• Task brief: Please keep the images out and set down the data exactly as given.

• Source material:
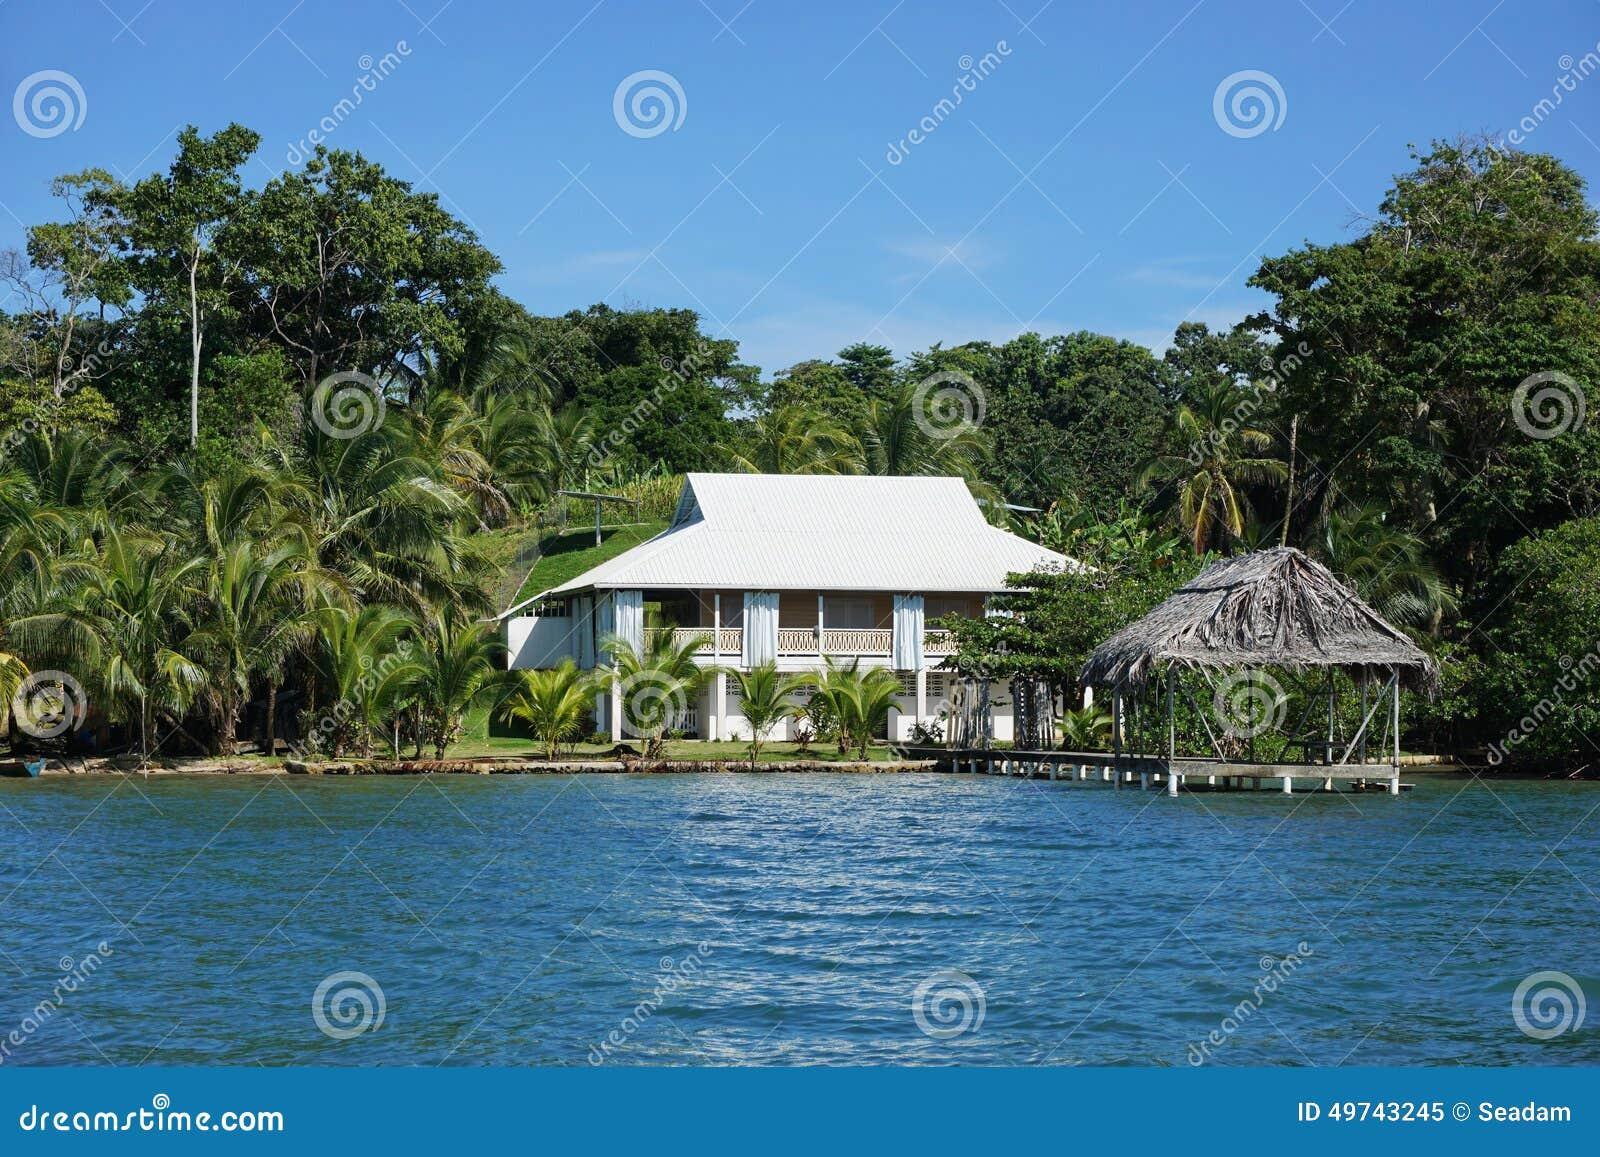 maison de bord de mer avec la hutte couverte de chaume au. Black Bedroom Furniture Sets. Home Design Ideas
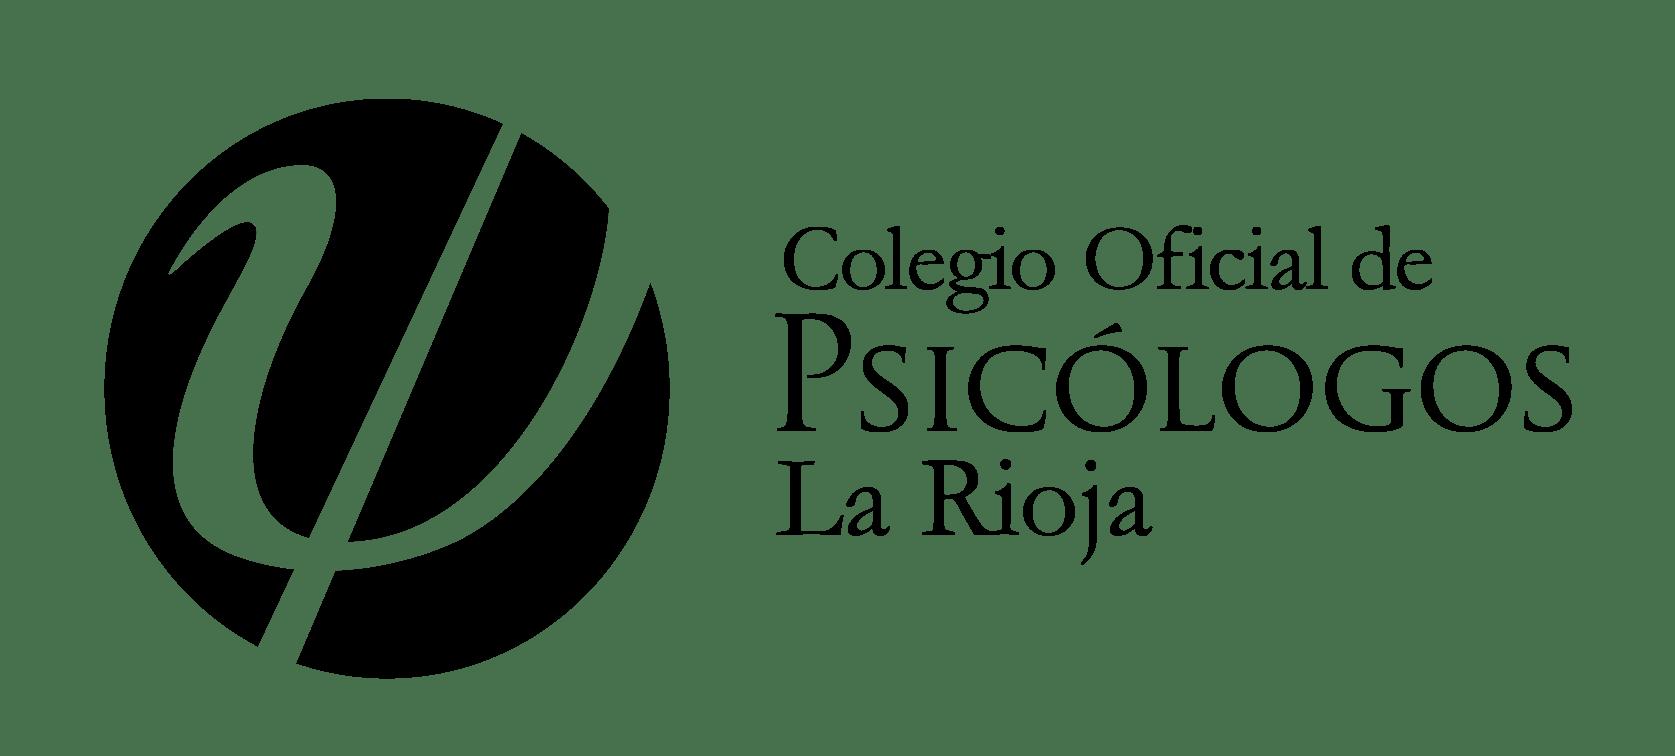 Colegio Oficial de Psicología de la Rioja
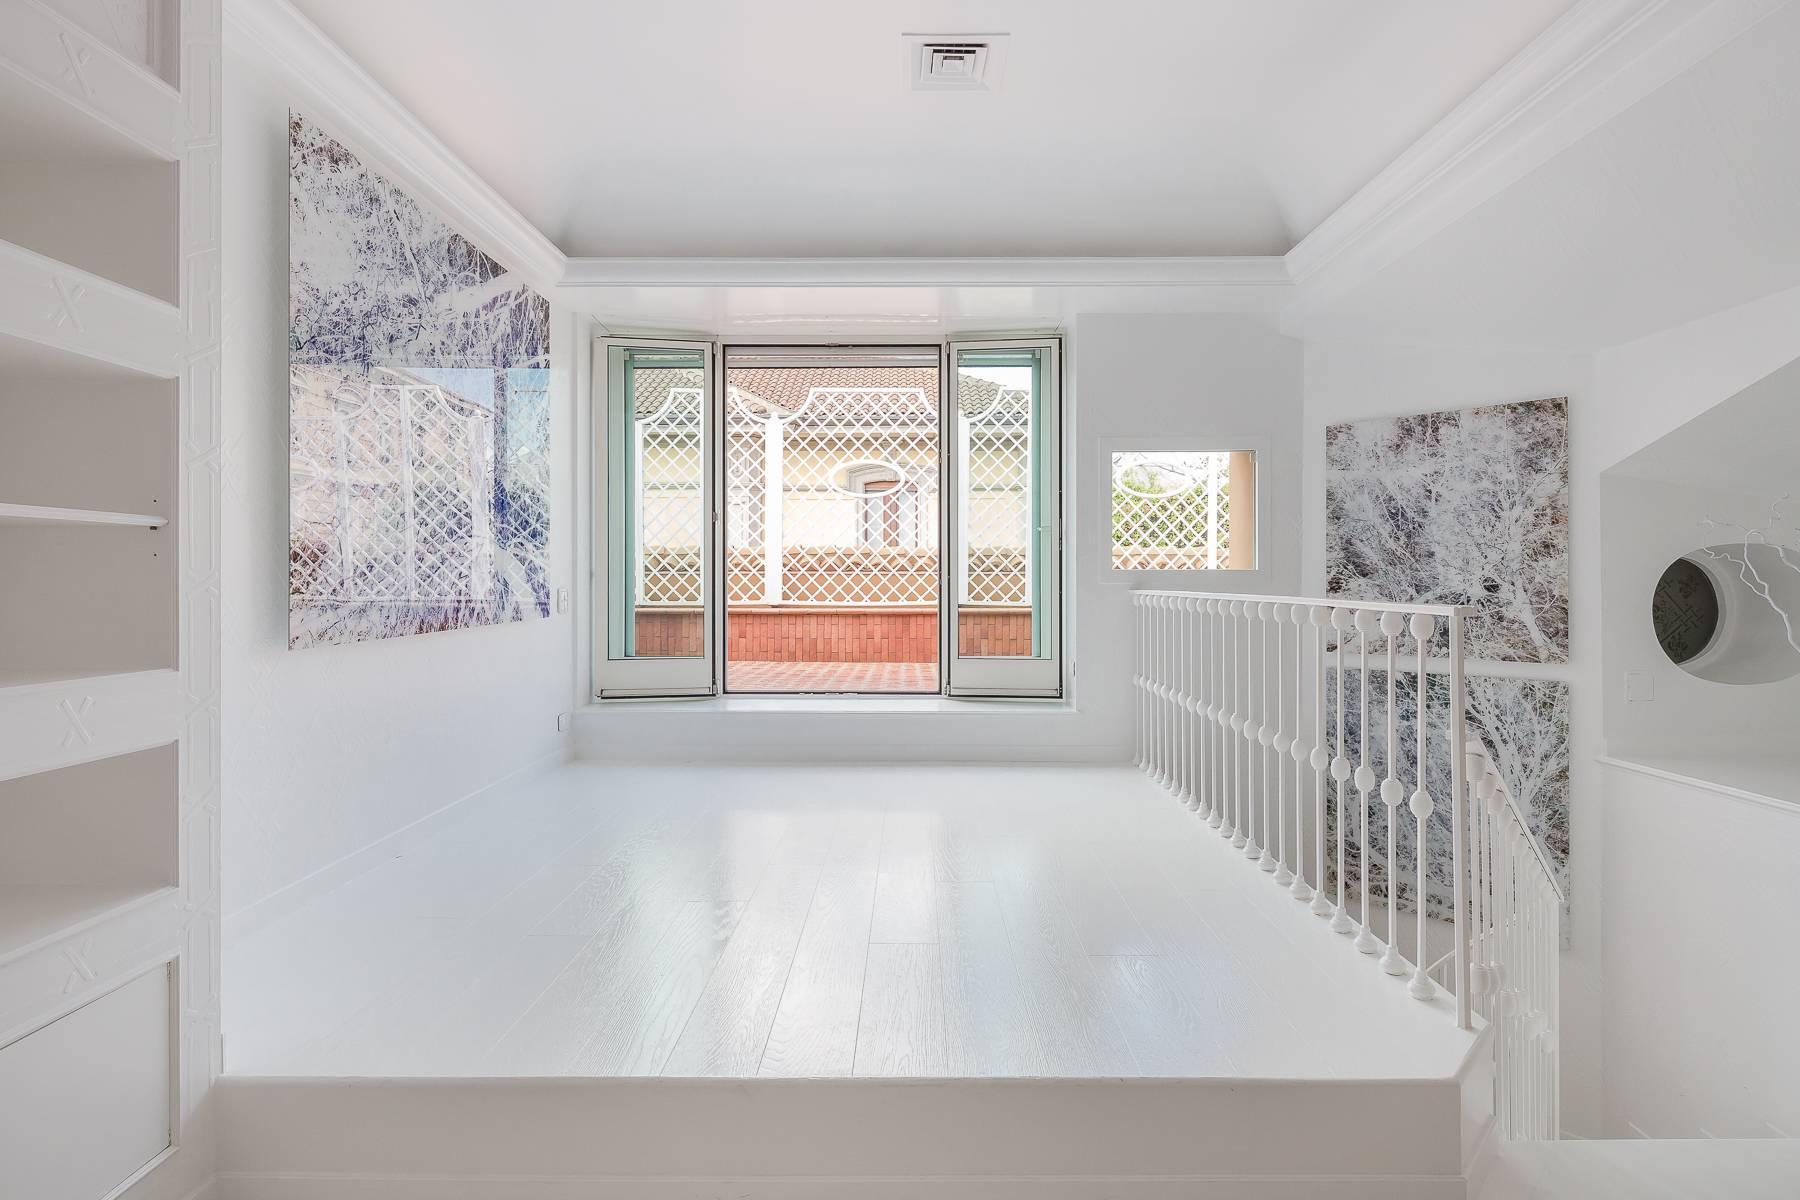 Top-floor apartment for rent in Via Tamburini - 16

• Response area:
 maison de bord de mer avec la hutte couverte de chaume au. Black Bedroom Furniture Sets. Home Design Ideas
 Colegio Oficial de Psicología de la Rioja
 Top-floor apartment for rent in Via Tamburini - 16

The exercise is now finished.